PTEN can be post-translationally modified as a result of protein phosphorylation by casein kinase 2 (CK2) (11). Torres and Pulido demonstrated that protein phosphorylation by CK2 was important for proteasome-mediated PTEN protein degradation (11). Others have also shown that de-phosphorylated PTEN has decreased stability compared to phosphorylated PTEN (11,12,29). Therefore, it is possible that BMP2 stimulation could alter PTEN stability by increasing its phosphorylation. We examined the phosphorylation of PTEN, using phospho-specific PTEN antibodies, and found no change in protein phosphorylation (data not shown). In addition, we found no change in PTEN protein phosphorylation levels by in-vivo labeling with inorganic [32]-P and immunoprecipitation (data not shown). Finally, we found no significant change in CK2 activity in the presence of BMP2 (data not shown). Together, these data indicate that BMP2 stimulation does not alter the post-translational phosphorylation of PTEN.

BMP2 treatment decreases PTEN association with the protein degradative pathway
If BMP2 does not simulate new protein synthesis, then it may regulate the degradation of PTEN protein. Several studies have shown that PTEN activity is regulated by the stability of the protein. We, therefore, examined whether BMP2 treatment had an effect on the association of PTEN with the ubiquitin degradative pathway. Tolkacheva and coworkers have demonstrated, in NIH3T3 cells transfected with a vector for HA-tagged ubiquitin, that PTEN can be poly-ubiquinated (30).
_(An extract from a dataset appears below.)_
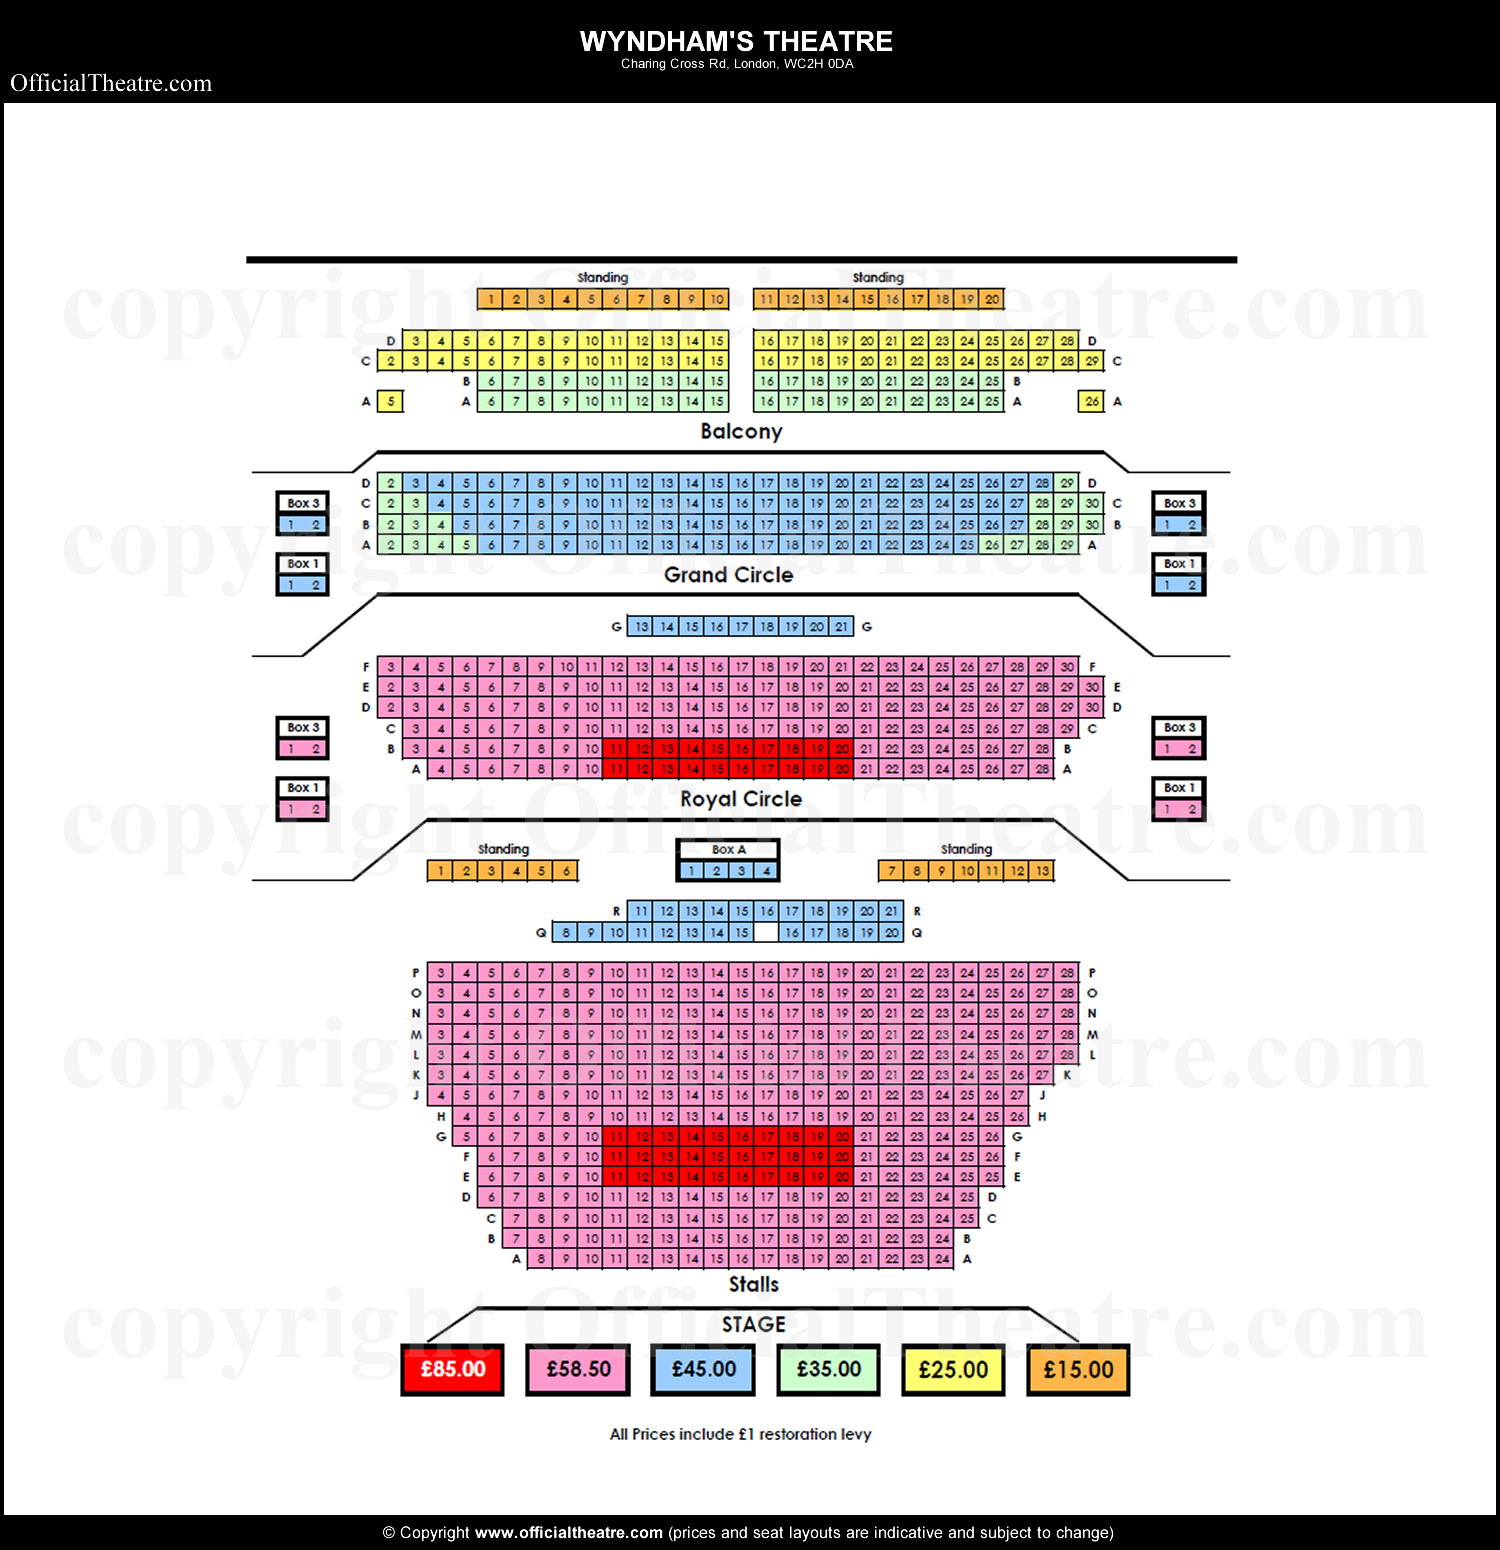 Wyndham's Theatre seating plan

We were unable to show a PTEN–ubiquitin protein interaction in the MCF-7 cell line which was not transfected. However, we were able to demonstrate that PTEN associates with UbCH7, the ubiquitin-conjugating enzyme that mediates the transfer of activated ubiquitin to substrate proteins (Fig. 4). UbCH7–PTEN protein interaction is decreased in the presence of 300 ng/ml of BMP2 at both 1 and 6 h (Fig. 4A). We also found that the interaction of PTEN with UbC9, another ubiquitin-conjugating protein, was also decreased in the presence of BMP2 (Fig. 4B), although not to the same extent as the PTEN–UbCH7 interaction. Taken together, these data indicate that BMP2 regulates PTEN protein levels by inhibiting its association with the protein degradative pathway.

View larger version (55K): [in this window] [in a new window]   Figure 4. BMP2 treatment decreases PTEN association with UbCH7 and Ubc9. MCF7 cells were plated, serum starved, and then treated with 10% FBS in the presence (+) or absence (-) of 300 ng/ml of BMP2 as described in Methods. Cells were harvested at 1 and 6 h, as indicated, and subjected to PTEN immunoprecipitation as described. Protein complexes were then separated on Tris/Tricine gels and subjected to western blot analysis of UbcH7 (A) or Ubc9 (B). An image of a representative autoradiograph from one of three individual experiments for each protein is shown here.

 
In sum, therefore, our data demonstrate that BMP2 exposure in MCF-7 cells results in an increase in PTEN protein levels in a time- and dose-dependent manner. This increase in protein is due to increased protein stability of PTEN as evidenced by decreased association of PTEN to components of the ubiquitin pathway.

	DISCUSSION

TOP ABSTRACT INTRODUCTION RESULTS DISCUSSION MATERIALS AND METHODS REFERENCES

 
As a member of the TGFß super-family, BMP2 signals through heterotrimeric complexes of type I and type II receptors. These complexes then signal downstream, via either the SMAD pathway or the mitogen-activated protein kinase cascade pathway initiated by TGFß activated protein kinases, to the nucleus resulting in the regulation of transcription of various genes. The TGFß pathway is thought to be a tumor suppressor pathway in cancer development. Indeed, inactivation of these pathways has been found in a variety of tumors (20,31–33). Recently, germline BMPR1A mutations have been found in at least two Cowden Syndrome families (20, Eng et al., unpublished), suggesting that there may be a link between the BMP signaling pathway and PTEN activation.

Since the identification of PTEN as a tumor suppressor, much has been elucidated about PTENs role in modulating the PI3 kinase pathway as well as others involved in cellular proliferation. However, little is still known about the regulation of PTEN protein activity. To date, PTEN activity is not regulated by post-translational modification and it appears to be constitutively active. This suggests that the level of PTEN activity might be regulated by other mechanisms that titrate the amount of protein present and is therefore regulated at the transcriptional level and/or at the level of protein degradation. Recent work has begun to elucidate the mechanism of PTEN transcriptional regulation. In addition, two groups have shown that the dephosphorylation of PTEN can have a role in regulating PTEN protein stability (11,12).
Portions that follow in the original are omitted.